The Czechoslovak Social Democratic Workers Party in the Republic of Austria (Československá sociálně demokratická strana dělnická v republice Rakoúské) was a political party in Austria, working amongst the Czech minority. The party was founded on 7 December 1919, when the Vienna branch of the Czechoslovak Social Democratic Party separated from the mother party following Czechoslovakia's declaration of independence a year earlier. The party worked closely together with the Social Democratic Workers Party of Austria (SDAPÖ), and contested parliamentary elections on joint lists together with SDAPÖ.

==History==
The first, and constituent, party congress was held in 1921. The congress adopted a party programme, which included demands such as the right to education in mother language, the unification of the Vienna urban and rural areas into a single electoral constituency, judicial reform, lowering the voting age to 18 years, full press freedom and direct popular intervention in the legislative. Most of the social demands of the party were similar to those raised by SDAPÖ.

In May 1927 the party congress adopted a new party programme, following the lines of the SDAPÖ Linz Programme.

The party was banned in February 1934. The party then began to operate as an underground organization. Publications were printed in neighbouring Czechoslovakia, and smuggled into Austria.

==Organization==
The party was organized on the principle of individual membership. As of 1928, the party claimed a membership of around 14,200, out of whom 3,700 were women. The highest organ of the party was the party congress, held every two years. The congress elected a Party Presidium and Secretariat. The activists of the party were active in the Austrian trade union movement. The youth wing of the party had, as of 1928, 2,825 members. In close connection to the party was the educational association, Máj, the Workers Gymnastics Union (DTJ) and cycling clubs. There was also a Czech section of the Republikanischer Schutzbund, connected to the party.

The party had offices almost all of the districts of the country. These offices also served as offices for the district branches of the youth and women's wings of the party.

==Leadership==
As of 1925, Lesak was Chairman of the Party Presidium. In 1928 he had been replaced by W. Filar and in 1931 by Čeněk Sahanek. Other prominent leaders of the party included the parliamentarian František Dvořák, Antonín Machát (municipal councillor on behalf of the Czech minority in Vienna during the Second World War), František Strnad, Bedřich Čepelka and Josef Petrů.

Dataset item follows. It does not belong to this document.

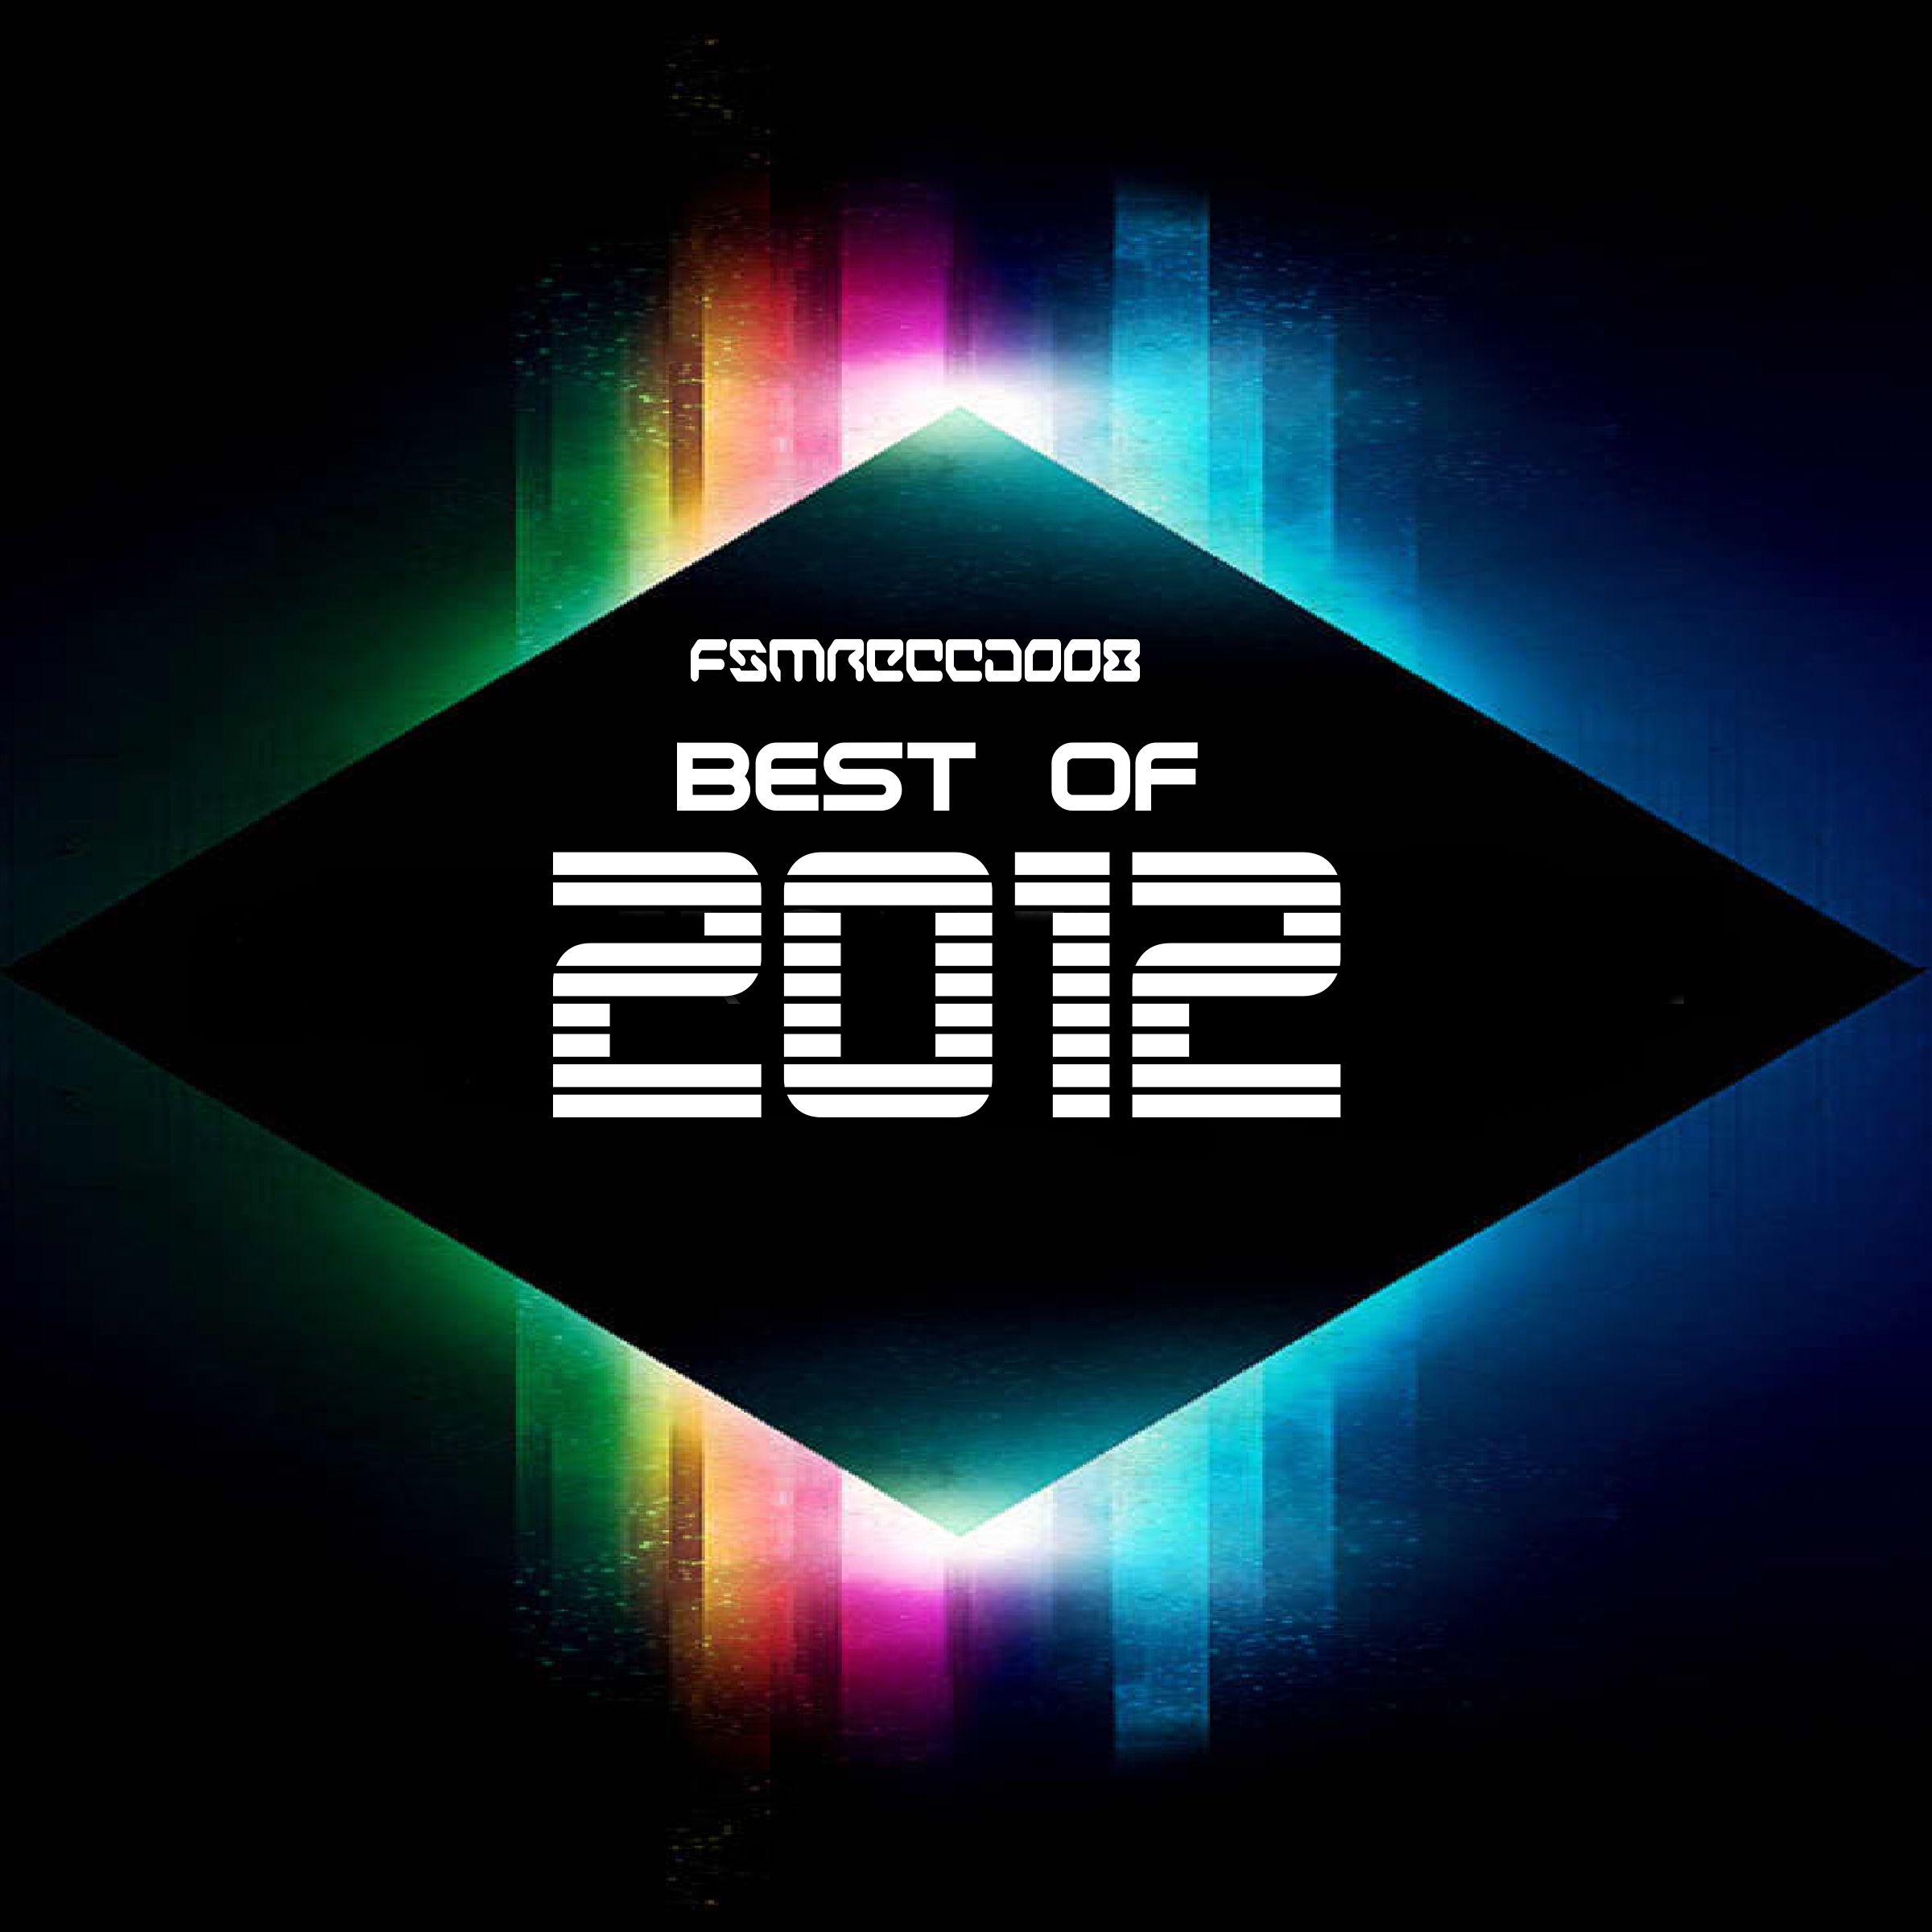 FSM Best of 2012

As of 1928, the Party Presidium consisted of Filar (chairman), Drahozal, Kopecká, Skranc, Zedniček, Čižek, Strnad, Skřivan (secretary), Adámek, Hajn, Pechowá and Kohl.

==Press==
The central organ of the party was Vídeňské dělnické listy ('Viennoise Workers' Paper').

==International affiliation==
The party was affiliated to the Labour and Socialist International between 1923 and 1940. Alois Wawrousek represented the party in the Executive of the Labour and Socialist International between August 1925 to 1937.